In early May, US and NATO troops began their withdrawal from Afghanistan.

The US military recently declared that the ongoing withdrawal is more than 90 percent complete, and President Joe Biden said it will end on 31 August.

At the end of June, Germany announced that it had withdrawn all its troops from the country and closed its consulate general in Mazar-e-Sharif in northern Afghanistan.

Italy also announced the end of its mission in Afghanistan and Poland brought all its troops home.

US and NATO troops withdrew on 2 July from the symbolic Bagram airbase in Kabul, which had been the center of US military operations in the country.

Who controls Afghanistan?

Political and military control has handed over to the Afghan government to negotiate peace with the Taliban.

But the Taliban have been on the offensive, especially in rural Afghanistan, to bring more areas under their control.

On Wednesday, they reported that they had taken control of Spin Boldak, a strategic border crossing between Afghanistan and Pakistan.

Biden last week ruled out further intervention in the country, saying the US had achieved its goals of “capturing the terrorists who attacked us on 9/11, bringing Osama bin Laden to justice and reducing the terrorist threat“.

He said. We are not going to Afghanistan to build a nation. And only the Afghan people have the right and the responsibility to decide their future and how they want to run their country.”

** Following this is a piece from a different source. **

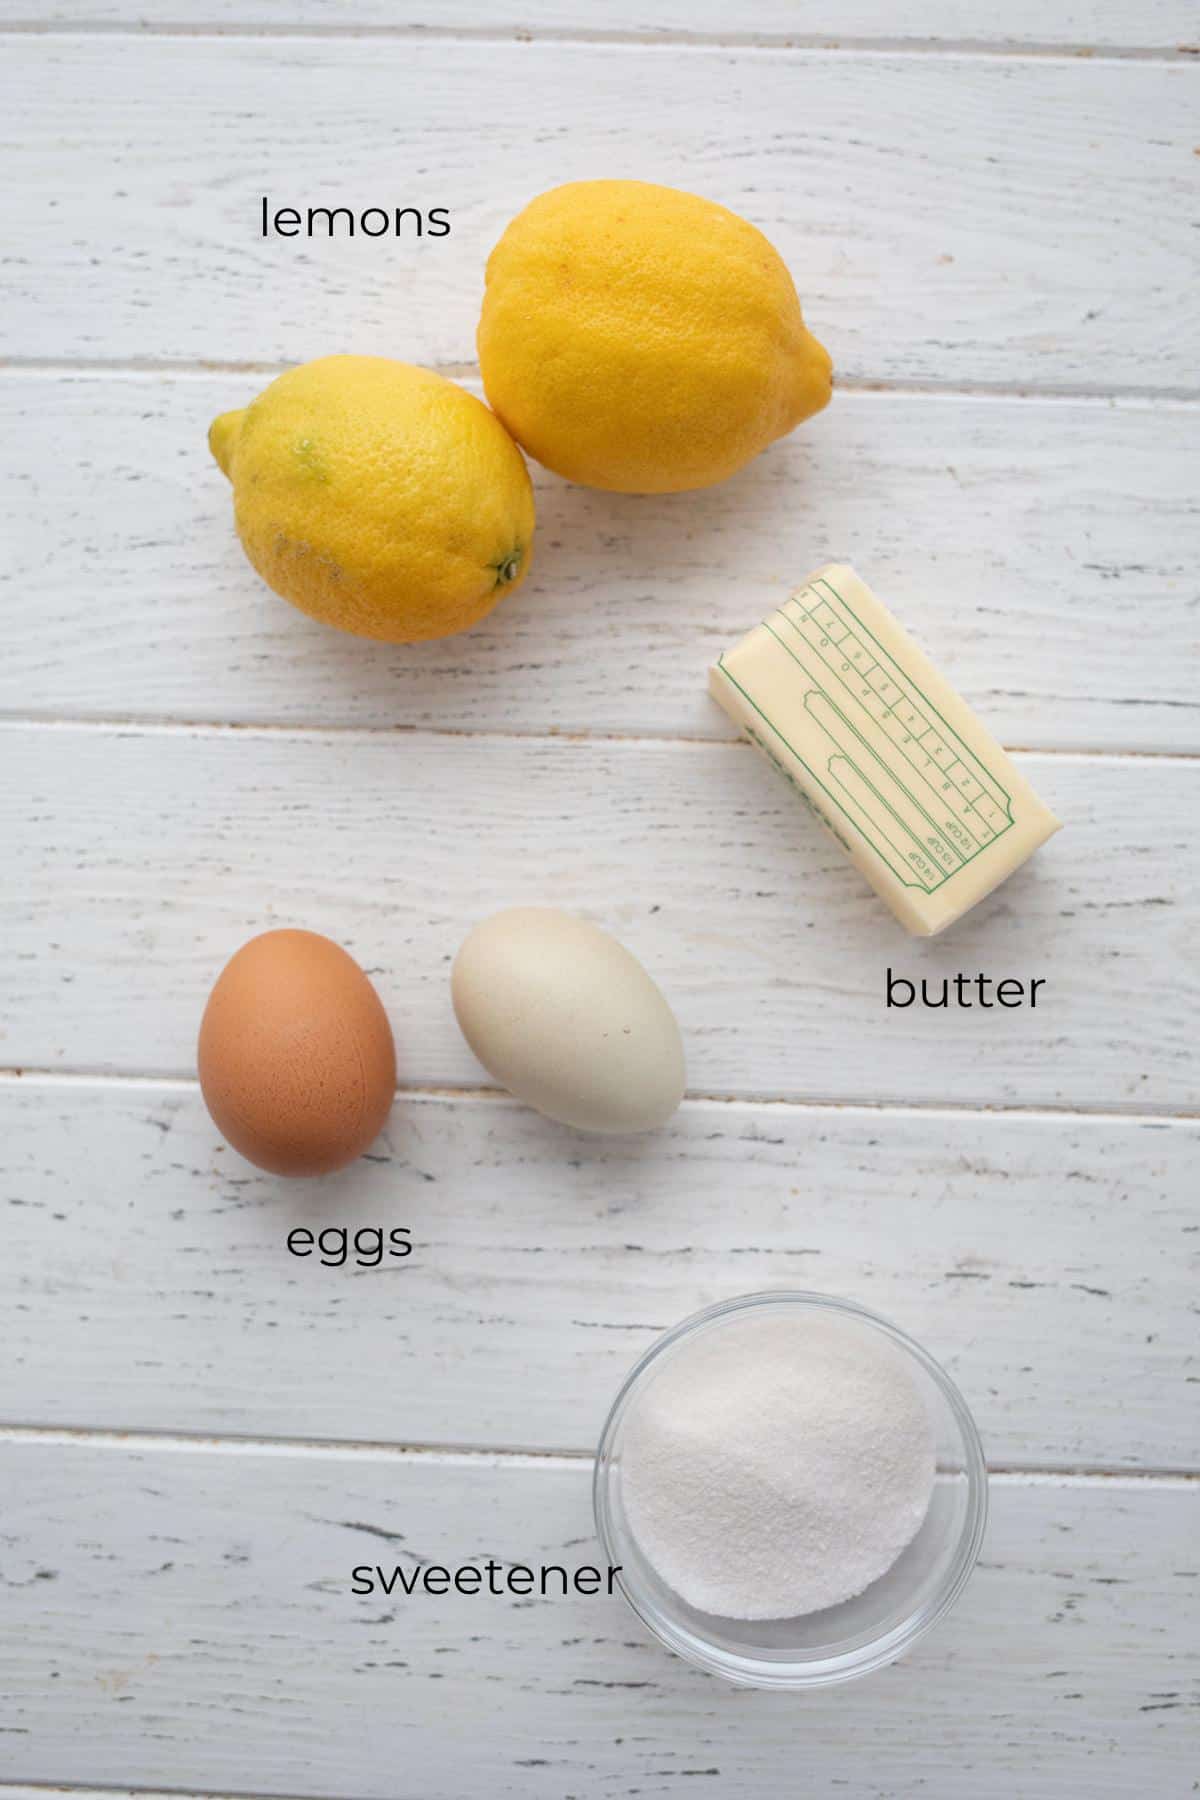 Top down image of ingredients needed for sugar-free lemon curd.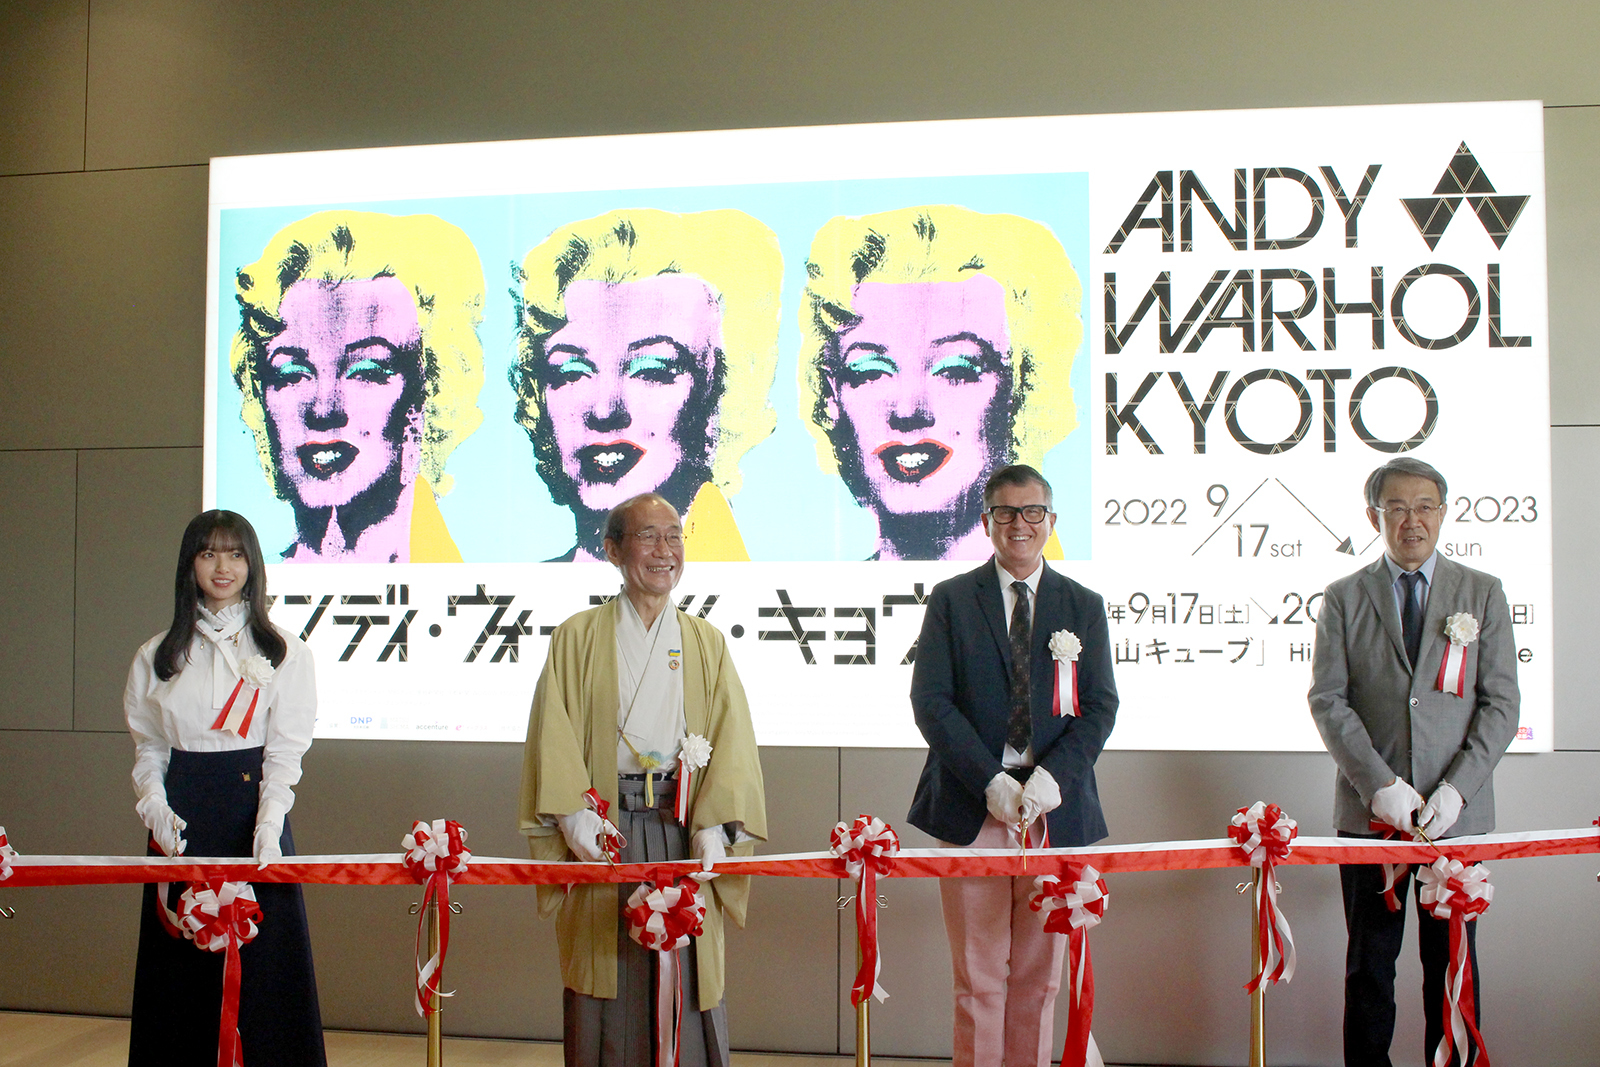 乃木坂46齋藤飛鳥も登壇した『アンディ・ウォーホル・キョウト』開会式

When asked about the legacy of the war in Afghanistan, journalist Ali Rafet said, “The fact that we have these problems is a legacy of the war. The fact that we have these problems is the legacy, isn’t it? The fact that the Taliban are still able to pose a threat to the government and the security forces, the fact that we still have these battles and the fact that we still wonder what can happen to the women, the children, the translators, you know, 20 years later that is the legacy”.